▶ Exercise prompt: Your answer must be the records below, printed exactly.

————————

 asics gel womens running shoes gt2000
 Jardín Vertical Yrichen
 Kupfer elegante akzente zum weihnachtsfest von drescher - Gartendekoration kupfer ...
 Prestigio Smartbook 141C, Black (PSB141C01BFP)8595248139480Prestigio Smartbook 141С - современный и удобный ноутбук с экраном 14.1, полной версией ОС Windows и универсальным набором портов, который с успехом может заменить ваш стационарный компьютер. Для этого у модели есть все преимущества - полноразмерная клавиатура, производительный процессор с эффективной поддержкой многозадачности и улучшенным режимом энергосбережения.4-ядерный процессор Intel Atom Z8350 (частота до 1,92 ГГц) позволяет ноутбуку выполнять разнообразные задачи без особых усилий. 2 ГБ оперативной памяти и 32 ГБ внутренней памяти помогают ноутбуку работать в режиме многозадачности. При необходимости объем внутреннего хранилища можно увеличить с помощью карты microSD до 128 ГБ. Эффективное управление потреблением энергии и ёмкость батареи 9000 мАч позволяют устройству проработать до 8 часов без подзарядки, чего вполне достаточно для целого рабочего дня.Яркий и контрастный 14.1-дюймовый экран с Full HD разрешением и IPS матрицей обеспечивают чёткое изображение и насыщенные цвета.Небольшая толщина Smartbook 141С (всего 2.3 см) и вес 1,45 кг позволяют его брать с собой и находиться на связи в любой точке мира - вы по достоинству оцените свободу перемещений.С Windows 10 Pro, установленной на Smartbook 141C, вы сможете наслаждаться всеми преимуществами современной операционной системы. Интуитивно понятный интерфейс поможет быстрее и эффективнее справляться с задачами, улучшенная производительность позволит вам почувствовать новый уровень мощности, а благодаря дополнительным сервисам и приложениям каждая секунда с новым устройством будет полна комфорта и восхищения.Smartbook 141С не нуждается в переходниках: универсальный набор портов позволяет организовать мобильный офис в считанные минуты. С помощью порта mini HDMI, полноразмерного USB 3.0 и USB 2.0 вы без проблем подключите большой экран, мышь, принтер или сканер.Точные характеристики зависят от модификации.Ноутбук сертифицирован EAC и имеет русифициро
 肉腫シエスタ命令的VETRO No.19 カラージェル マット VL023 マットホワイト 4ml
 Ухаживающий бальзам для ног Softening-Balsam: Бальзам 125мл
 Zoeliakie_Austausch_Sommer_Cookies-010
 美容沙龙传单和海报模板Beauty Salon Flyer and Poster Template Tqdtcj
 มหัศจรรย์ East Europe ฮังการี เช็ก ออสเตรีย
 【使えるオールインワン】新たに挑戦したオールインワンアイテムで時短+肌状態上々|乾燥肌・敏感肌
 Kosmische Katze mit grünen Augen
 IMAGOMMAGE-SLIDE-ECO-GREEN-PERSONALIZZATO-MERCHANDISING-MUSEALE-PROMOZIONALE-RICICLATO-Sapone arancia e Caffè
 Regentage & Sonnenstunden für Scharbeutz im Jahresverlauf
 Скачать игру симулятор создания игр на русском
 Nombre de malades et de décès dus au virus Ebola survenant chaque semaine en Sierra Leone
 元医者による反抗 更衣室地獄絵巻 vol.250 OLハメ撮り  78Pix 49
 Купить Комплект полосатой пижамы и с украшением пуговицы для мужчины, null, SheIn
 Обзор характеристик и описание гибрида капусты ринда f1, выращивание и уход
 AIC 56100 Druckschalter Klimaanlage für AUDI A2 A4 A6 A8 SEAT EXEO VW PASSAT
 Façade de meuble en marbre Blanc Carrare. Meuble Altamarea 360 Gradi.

————————

▶ The answer:
 asics gel womens running shoes gt2000
 Jardín Vertical Yrichen
 Kupfer elegante akzente zum weihnachtsfest von drescher - Gartendekoration kupfer ...
 Prestigio Smartbook 141C, Black (PSB141C01BFP)8595248139480Prestigio Smartbook 141С - современный и удобный ноутбук с экраном 14.1, полной версией ОС Windows и универсальным набором портов, который с успехом может заменить ваш стационарный компьютер. Для этого у модели есть все преимущества - полноразмерная клавиатура, производительный процессор с эффективной поддержкой многозадачности и улучшенным режимом энергосбережения.4-ядерный процессор Intel Atom Z8350 (частота до 1,92 ГГц) позволяет ноутбуку выполнять разнообразные задачи без особых усилий. 2 ГБ оперативной памяти и 32 ГБ внутренней памяти помогают ноутбуку работать в режиме многозадачности. При необходимости объем внутреннего хранилища можно увеличить с помощью карты microSD до 128 ГБ. Эффективное управление потреблением энергии и ёмкость батареи 9000 мАч позволяют устройству проработать до 8 часов без подзарядки, чего вполне достаточно для целого рабочего дня.Яркий и контрастный 14.1-дюймовый экран с Full HD разрешением и IPS матрицей обеспечивают чёткое изображение и насыщенные цвета.Небольшая толщина Smartbook 141С (всего 2.3 см) и вес 1,45 кг позволяют его брать с собой и находиться на связи в любой точке мира - вы по достоинству оцените свободу перемещений.С Windows 10 Pro, установленной на Smartbook 141C, вы сможете наслаждаться всеми преимуществами современной операционной системы. Интуитивно понятный интерфейс поможет быстрее и эффективнее справляться с задачами, улучшенная производительность позволит вам почувствовать новый уровень мощности, а благодаря дополнительным сервисам и приложениям каждая секунда с новым устройством будет полна комфорта и восхищения.Smartbook 141С не нуждается в переходниках: универсальный набор портов позволяет организовать мобильный офис в считанные минуты. С помощью порта mini HDMI, полноразмерного USB 3.0 и USB 2.0 вы без проблем подключите большой экран, мышь, принтер или сканер.Точные характеристики зависят от модификации.Ноутбук сертифицирован EAC и имеет русифициро
 肉腫シエスタ命令的VETRO No.19 カラージェル マット VL023 マットホワイト 4ml
 Ухаживающий бальзам для ног Softening-Balsam: Бальзам 125мл
 Zoeliakie_Austausch_Sommer_Cookies-010
 美容沙龙传单和海报模板Beauty Salon Flyer and Poster Template Tqdtcj
 มหัศจรรย์ East Europe ฮังการี เช็ก ออสเตรีย
 【使えるオールインワン】新たに挑戦したオールインワンアイテムで時短+肌状態上々|乾燥肌・敏感肌
 Kosmische Katze mit grünen Augen
 IMAGOMMAGE-SLIDE-ECO-GREEN-PERSONALIZZATO-MERCHANDISING-MUSEALE-PROMOZIONALE-RICICLATO-Sapone arancia e Caffè
 Regentage & Sonnenstunden für Scharbeutz im Jahresverlauf
 Скачать игру симулятор создания игр на русском
 Nombre de malades et de décès dus au virus Ebola survenant chaque semaine en Sierra Leone
 元医者による反抗 更衣室地獄絵巻 vol.250 OLハメ撮り  78Pix 49
 Купить Комплект полосатой пижамы и с украшением пуговицы для мужчины, null, SheIn
 Обзор характеристик и описание гибрида капусты ринда f1, выращивание и уход
 AIC 56100 Druckschalter Klimaanlage für AUDI A2 A4 A6 A8 SEAT EXEO VW PASSAT
 Façade de meuble en marbre Blanc Carrare. Meuble Altamarea 360 Gradi.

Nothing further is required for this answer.